The Chinese Farm That Breeds Cockroaches For Medicine

Jun 18, 2019 Kayode Oseh

Most people and tribes see cockroach as disgusting and obnoxious creatures. But to other people and tribes, cockroach is an amazing delicacy. To some it serves as medicine while to others it may be an object of worship. While the company of cockroach is not that welcoming to many people, the Chinese on the other hand takes this creature in a high esteem - as a source of food and as a source of medicine.    

A Chinese farm is breeding 6 billion adult cockroaches a year for medicinal use, the first time in human history that so many of the insects have been bred and confined in an indoor space, according to a report.

The farm, operated by pharmaceutical company Good-doctor in Xichang city in southwestern China, is equipped with rows of shelves lined with open containers of food and water in a concrete building covering an area of about two sports fields, according to the SCMP. It is kept warm, humid, and dark all year around, with an AI-powered system tracking how individual cockroaches are growing.

Cockroach-rearing is a booming industry in China—pulverized roach powder is patented as a Traditional Chinese Medicine ingredient and cosmetics companies use the insects as a cheap source of protein.
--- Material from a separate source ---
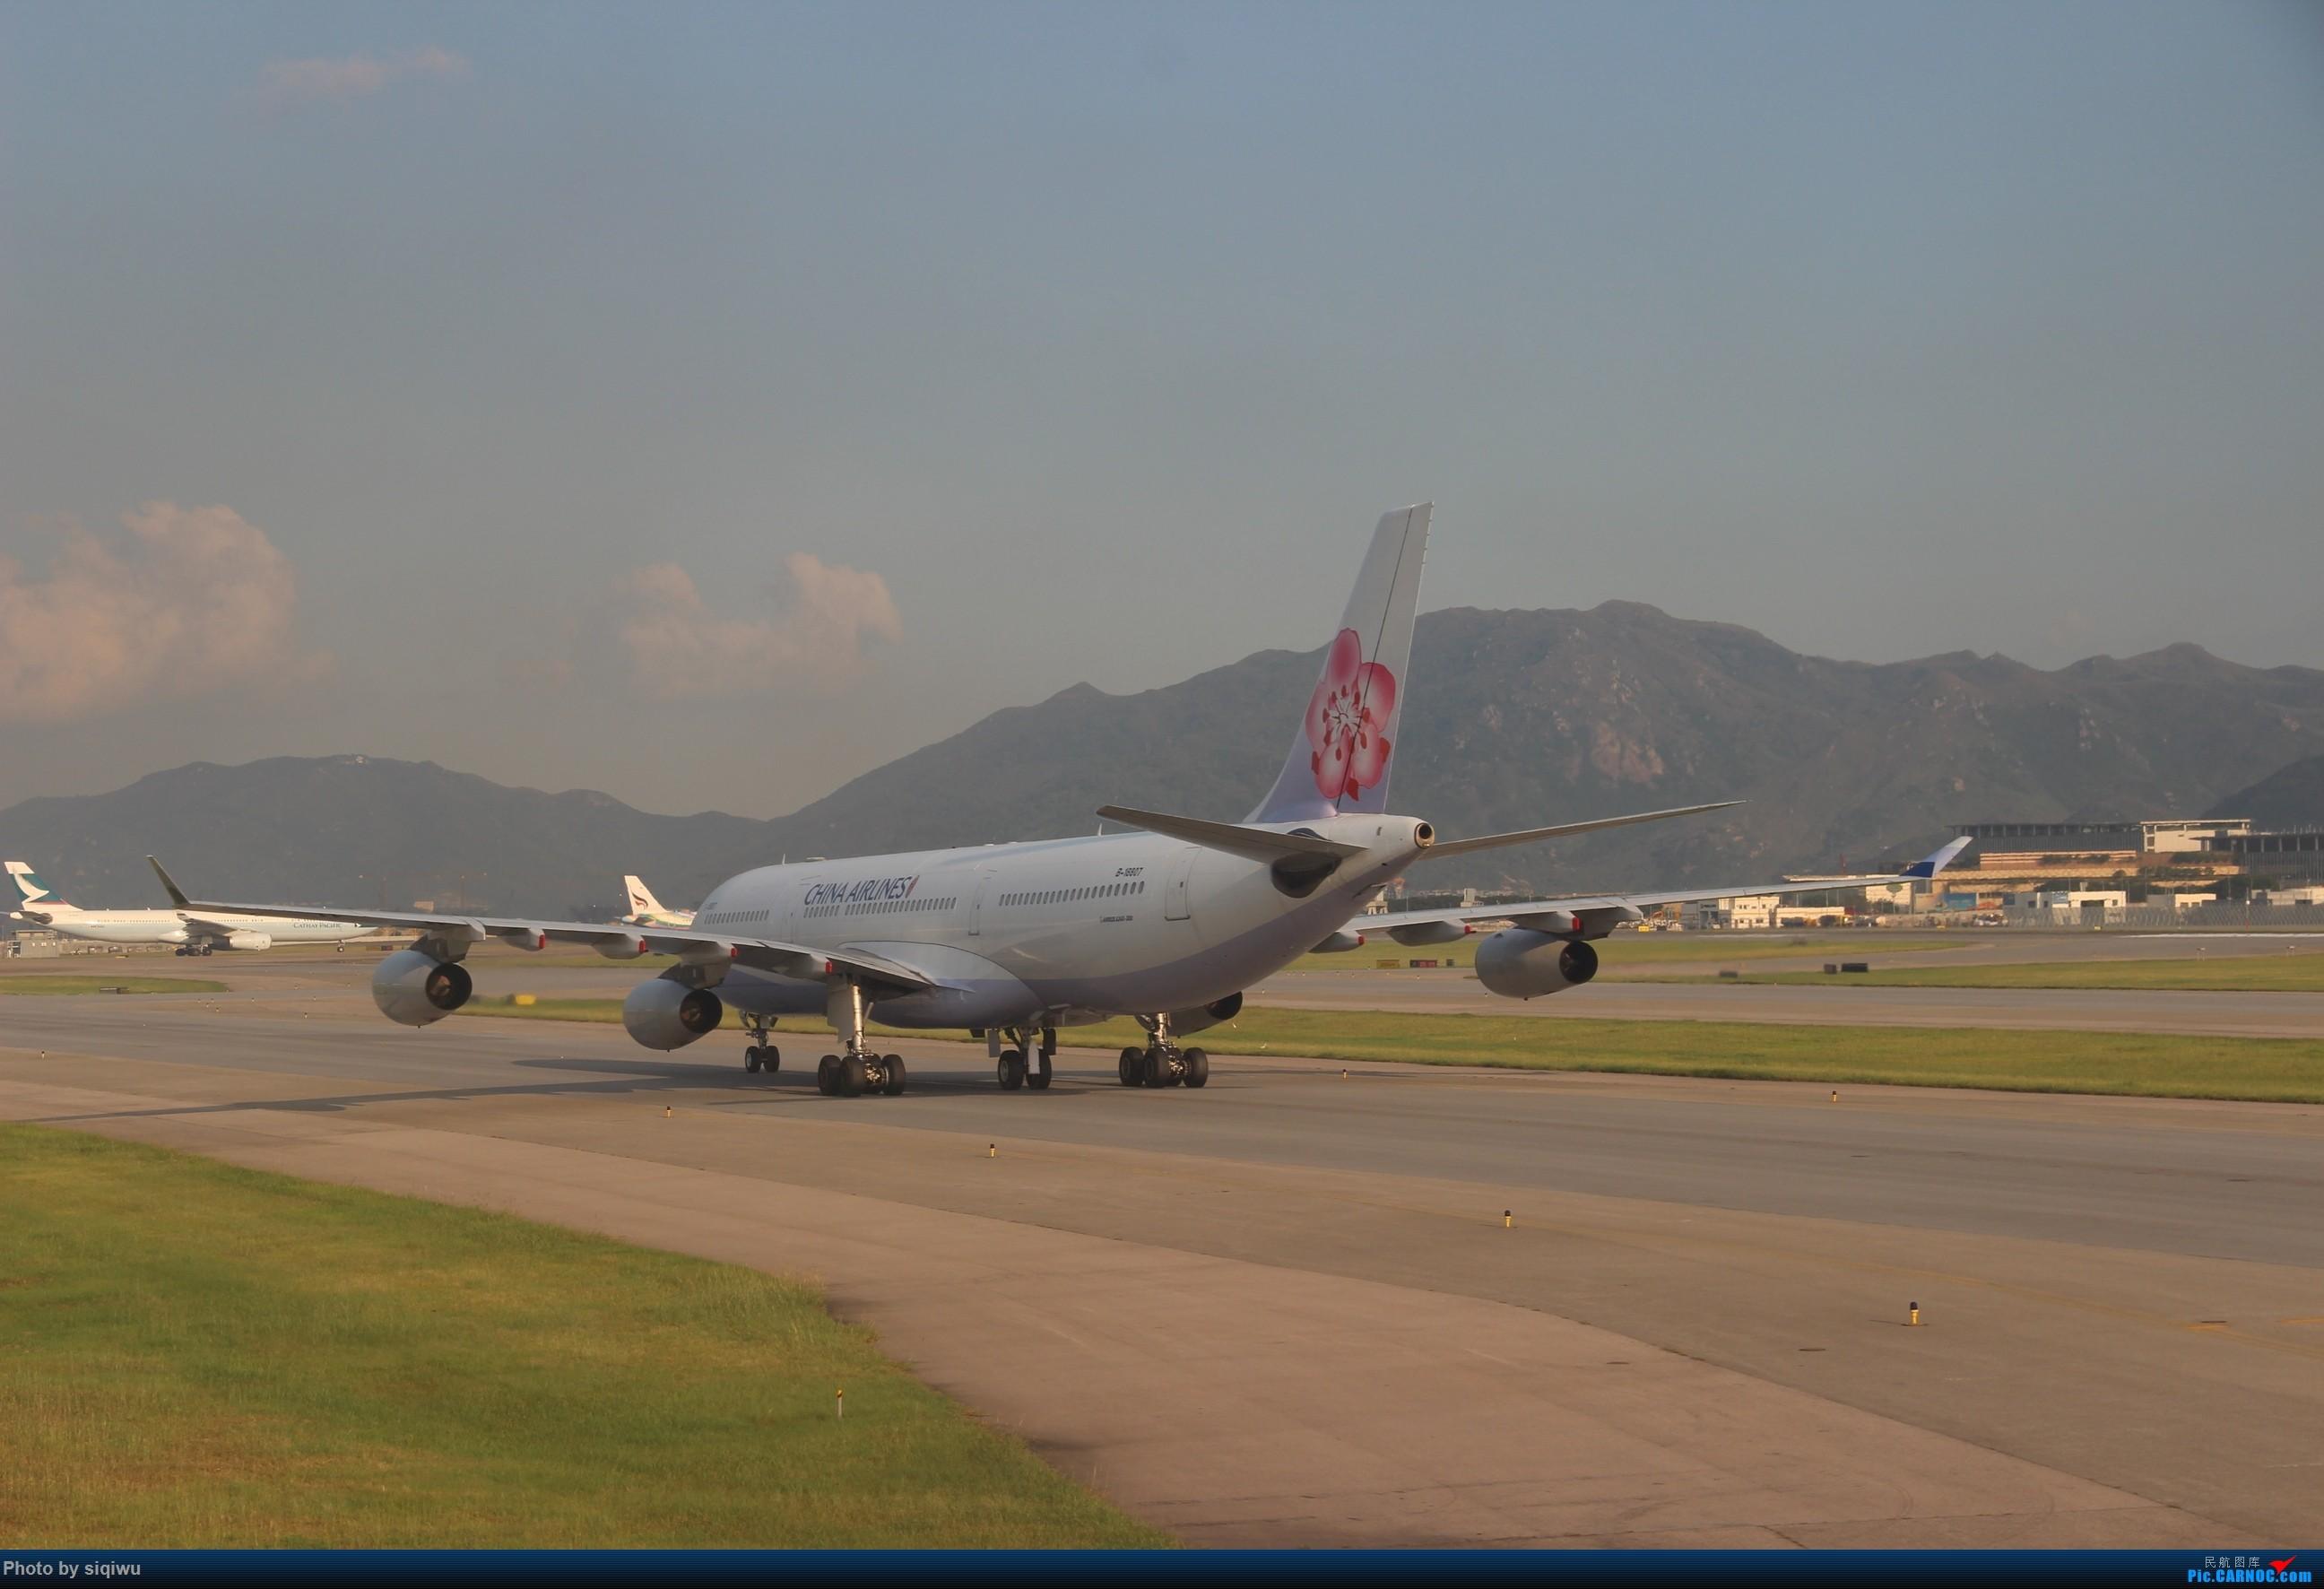 Re:[原创]PVG-HKG-KUL-HKG-PVG 四天往返,CX/KA AIRBUS A340-300  中国香港国际机场

There were about 100 large-scale cockroach farms in China as of 2013, and farmers could earn as much as $20 a pound, the Los Angeles Times reported at the time. In the case of the Xichang facility, the world’s biggest cockroach farm, the insects are made into a liquid concoction that millions of Chinese patients use to treat respiratory, gastric, and other illnesses with doctor prescriptions, the SCMP said citing a local government report. A bottle of 100 ml of the medicine costs about $4.

Apparently people consuming the medicine may not even know that it’s almost entirely made of cockroaches, because Good-doctor only lists the ingredient as Periplaneta americana, the scientific name of the American cockroach—the reddish-brown insect that can fly when mature.

If, because of a human error or an earthquake, millions of cockroaches are released into nature, it would be a disaster for the near-800,000 inhabitants in Xichang and beyond. In 2013, about a million cockroaches escaped from a farm in southeastern China after someone sabotaged a nursery that was breeding the insects. Local authorities conducted a “large-scale disinfection” and urged residents to stay calm. Local authorities claimed (link in Chinese) that they properly handled the incident.